With her distinctive guitar and vocal stylings, London newcomer Nilüfer Yanya is taking no prisoners
Every now and then a new artist crops up and makes an awfully big impression with just a few songs. Newcomer Nilüfer Yanya has been doing just that with her jazz-flecked guitar playing —she was mentored by The Invisibles founder and Jessie Ware producer Dave Okumu—, melancholic vocal talents, and a drop dead cool look to rival the original Sugababes line-up.
The 21-year-old Londoner first emerging with a cover of the Pixies’ “Hey”, that was featured on Bullion’s covers album. Yanya followed that up with her “instant classic” debut singles, “Small Crimes” and “Keep Calling”, revealing her own sound in all its glory. Released through the Blue Flowers’ label, “Small Crimes” deals with petty theft and inequalities in the justice system, while “Keep Caling” is a middle finger to someone you don’t want to talk to anymore.
Trust us when we say her intimate songwriting and killer hooks will steal your heart.
Nilüfer Yanya is a properly incredible name, where does it come from? What’s your heritage?
It’s Turkish, My dad’s Turkish and my mum’s from Barbados.
How do you think that’s influenced your music?
I don’t know how much it actually influenced me. When you come from one place there’s a stronger cultural influence, but when your family is mixed, it’s more even. My dad plays a lot of Turkish music, but mum plays a lot of classical music. You have to build your own musical identity and do something original, you can’t just rely on your background.
When did you first get into making music?
I begun with the piano when I was six and then started with the guitar when I was about 12 and writing my first songs. I didn’t go to uni, after college I did this artist development course for a year and have been working anddoing my music ever since.
Nilüfer Yanya - Keep On Calling (Music video)
Directed by Molly Daniel
DP: Joseph Gainsborough
Hair & Make-up: Sash & Bronze
Do you remember the first song you wrote?
I remember the first song that I performed in front of my school. I think it was called “Let It Go” but I got my friends to sing it, I just played guitar.
What’s your writing process?
Mainly it’s on guitar, I come up with something that I like and then that kind of gives me the momentum to write the rest of the song. I have to find something that inspires me like a lyric. When I write with other people it’s easier in a way because you’re in a room with someone and you know you have to write something, so you do.
Is it true that Dave Okumu mentored you as a guitar teacher?
He was my first guitar teacher at school. He was really cool. He only taught me for about two years. I was really bad at playing though, I’d literally just started learning.
What’s your debut single, “Small Crimes”, about?
I wrote it when my bike had been stolen, used it as a story and wrote the lyrics around a image I had in my head. It’s about how small time criminals have so much stigma attached to them and about the struggle of getting out of that cycle of being a small time criminal; whereas all these bigger criminals who are committing real crimes against everyone, get away with it all the time and are never brought to justice.
Have you ever committed any small crimes that you’re prepared to confess?
[Laughs] Probably. I got fined in Cologne for not buying a ticket on the train. Instant karma.
You’re traveling to Athens to run a therapy workshop for refugees. That’s a pretty great thing to be doing!
I’m going with my mum and my sister. My sister’s a youth worker and my mum’s an artist and we’re going to this refugee camp to do some art workshops with the children there. They’re just normal people and we want to give them something creative to do and think about, and hopefully help them.
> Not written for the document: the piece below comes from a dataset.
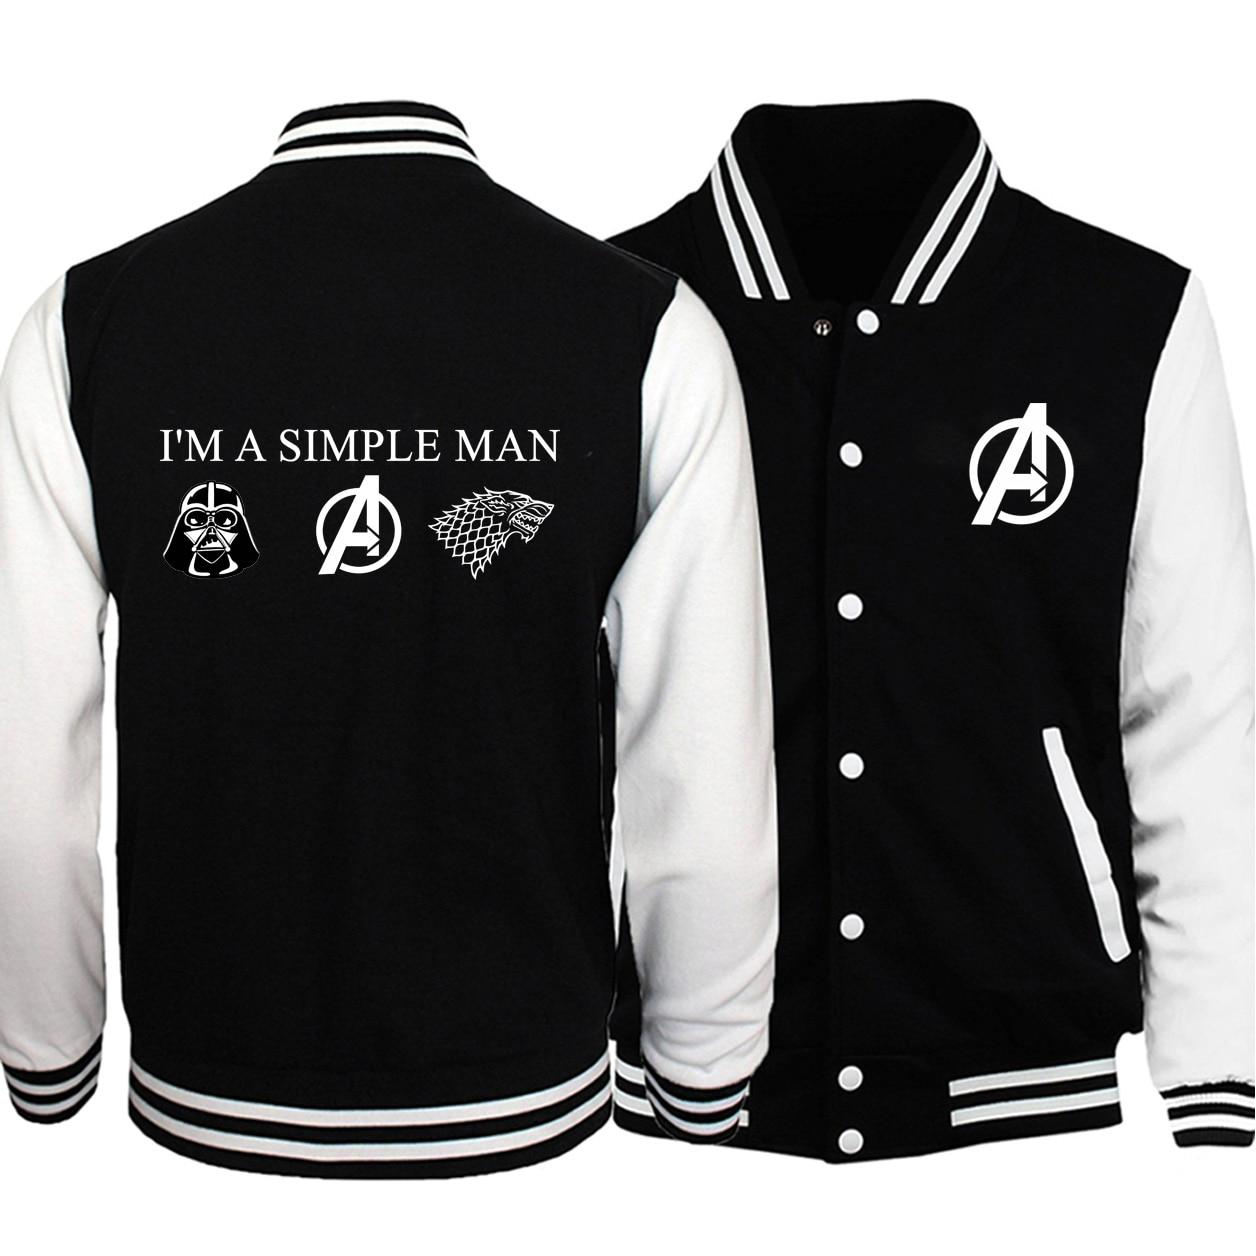 Men Avengers Game Of Thrones Print Baseball Jackets I'm A Simple Man Love Star Wars Pattern 2019 Winter Black Warm Fleece Jacket

I’ve never done anything like this, so I don’t really know what to expect. It seems more useful than just sending clothes.
You tweeted something deep the other day, “Everyone needs to take back control of their minds, stop letting them think for us”, what was that about?
I think I’d seen an advert on Facebook for some fitness thing and it said “take back control of your body” and I thought it was so stupid. You need to take control of your mind, you’re already in control of your body. It just seemed weird to say take back control of your body when someone else can be controlling what you’re thinking about yourself or your body.